§ PROBLEM TO WORK ON
Restrict the output to the lines below starting at the one that contains "Table Basse En" and ending at the one that contains "节日海报圣诞节黑金创意圣诞麋鹿圣诞节快乐节日海报", and restate them word for word, both ends included.

§ TASK INPUT
● ● ● ● ● ● ●

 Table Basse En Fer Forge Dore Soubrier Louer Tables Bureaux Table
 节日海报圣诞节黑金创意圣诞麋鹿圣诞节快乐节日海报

● ● ● ● ● ● ●

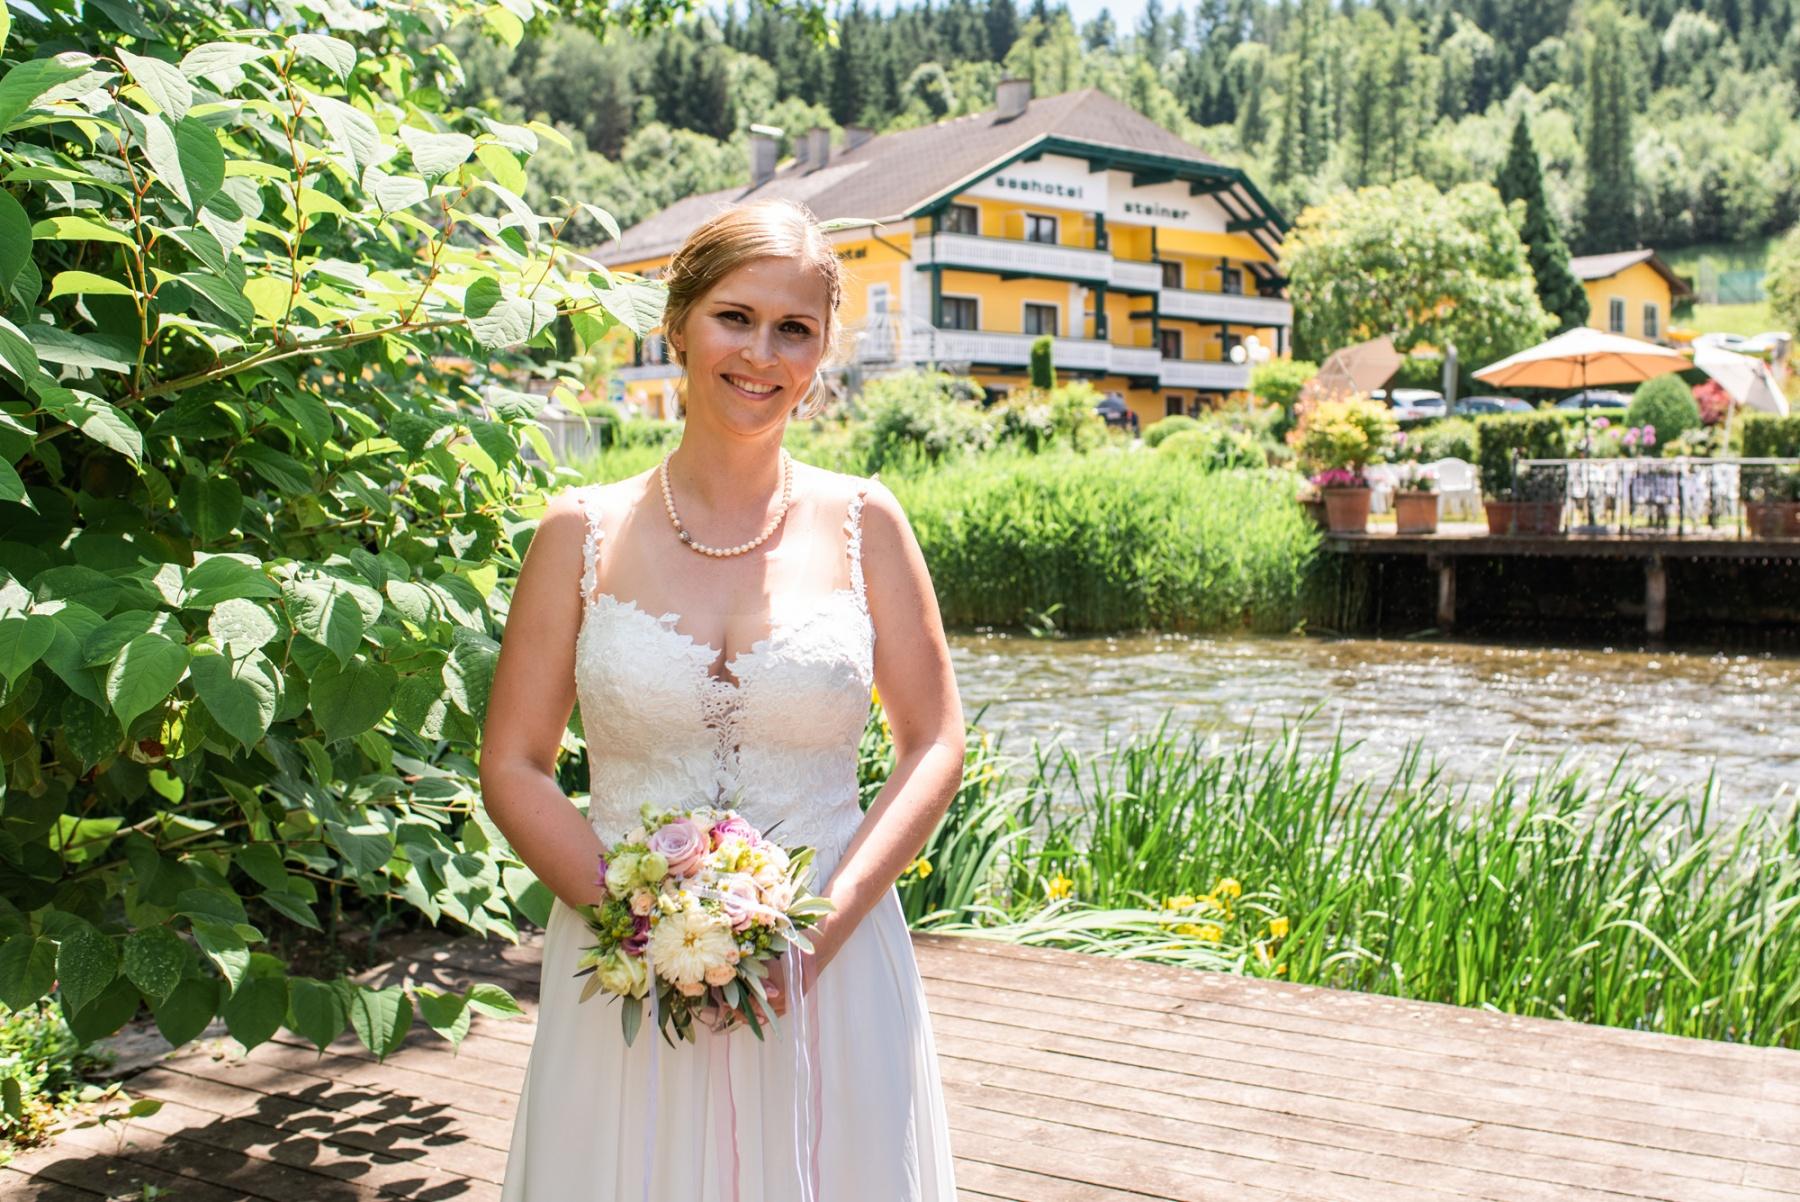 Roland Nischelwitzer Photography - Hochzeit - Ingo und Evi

● ● ● ● ● ● ●

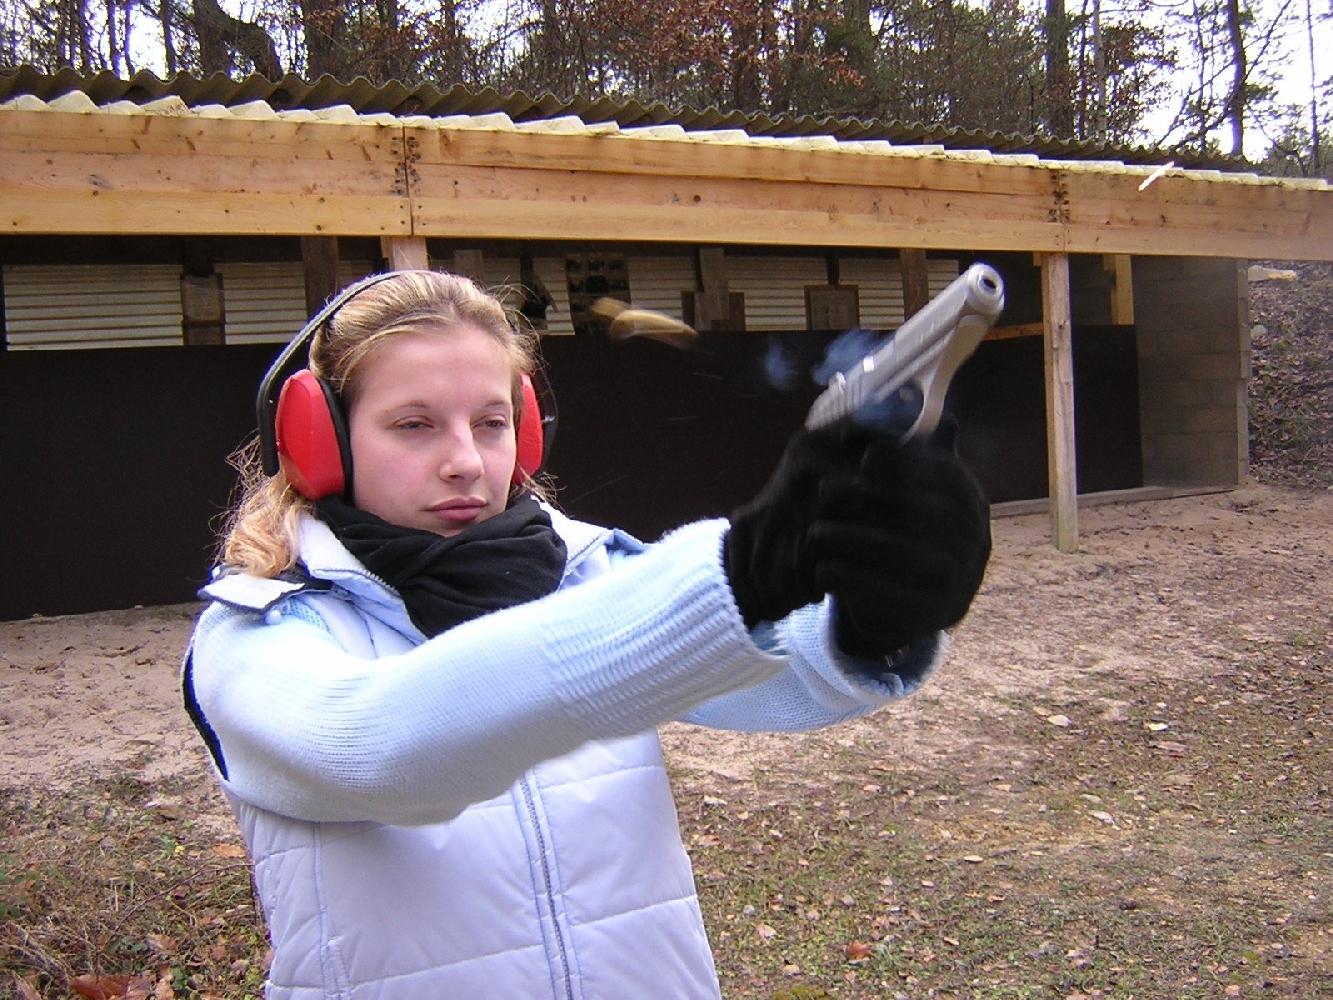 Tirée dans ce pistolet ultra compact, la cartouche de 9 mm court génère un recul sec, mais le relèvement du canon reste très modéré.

● ● ● ● ● ● ●

§ WRITTEN RESPONSE
 Table Basse En Fer Forge Dore Soubrier Louer Tables Bureaux Table
 节日海报圣诞节黑金创意圣诞麋鹿圣诞节快乐节日海报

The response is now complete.